What this doesn’t establish
The segment is heavily curated:
- Skeptical voices appear only as Whitaker’s questions (“It sounds nutty, wacky”)
- No academic skeptic (Mick West, etc.) appears
- No alternative explanations are systematically presented
- No discussion of the limits of the Navy video footage (bokeh, infrared artifact debates)

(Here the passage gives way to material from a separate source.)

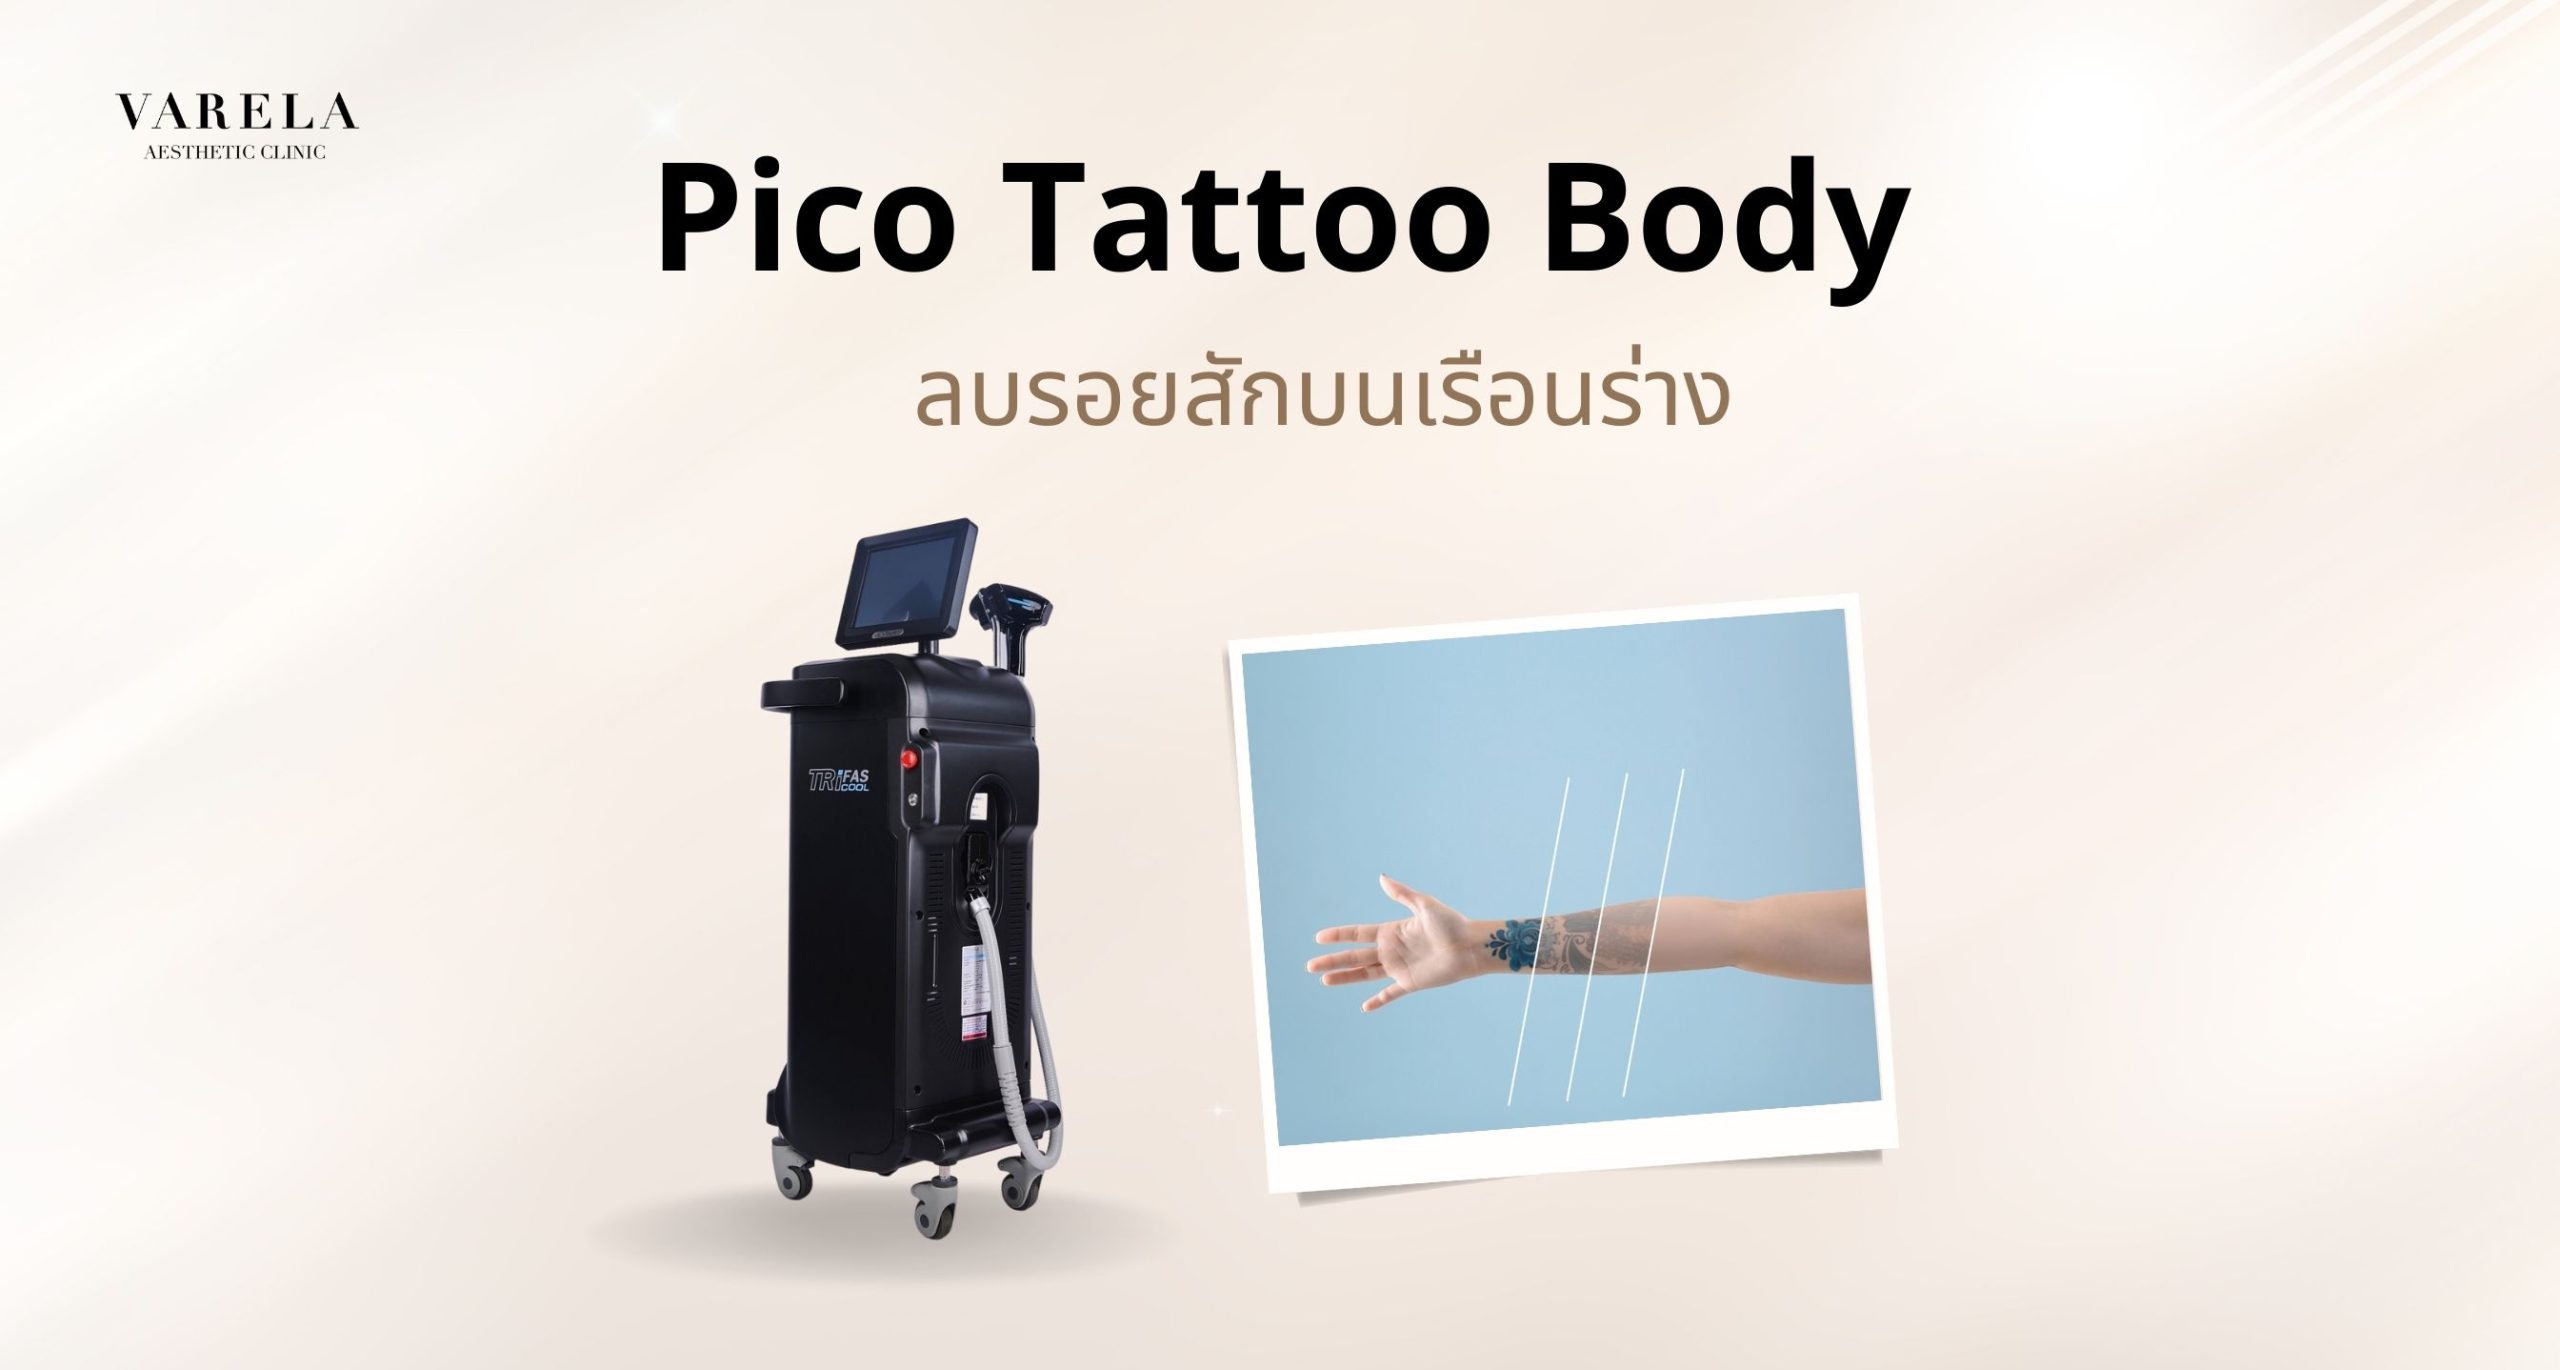 Pico tattoo Body

- No follow-up on the AATIP-or-AAWSAP terminology question that became contested later
- Pentagon’s own public statements at the time are minimized in the framing
The segment is excellent journalism for what it is — a mass-audience introduction to the institutional UAP story — but it is not a balanced epistemic assessment. It is a pro-disclosure curated case framed by the credentialed insiders who were also the disclosure-strategy architects. That is its strength (mass legibility) and its limit (one-sidedness).
What the segment is good evidence for
- Elizondo, Graves, Fravor, Dietrich, and Mellon are real, identifiable insiders willing to attach their names and faces to the modern UAP claim
- The Pentagon under Trump administration was willing to allow the segment to air without disputing its core framing (Pentagon could have blocked or pushed back; it did not)
- The Senate Intelligence Committee under Rubio was actively pushing for the ODNI report on the record
- Mellon admitted on national TV to leaking the Navy videos to NYT
- The 2004 Nimitz incident was retold by both Fravor and Dietrich, on record, in considerable specificity, with Dietrich’s first-ever public appearance
These are durable evidentiary anchors. They do not prove UAPs are non-human; they prove the disclosure movement is real, credentialed, and bipartisan. The credibility framework should weight this segment accordingly — high-credibility for what it documents (insider claims, network structure, congressional engagement) and silent on the underlying question (what UAPs actually are).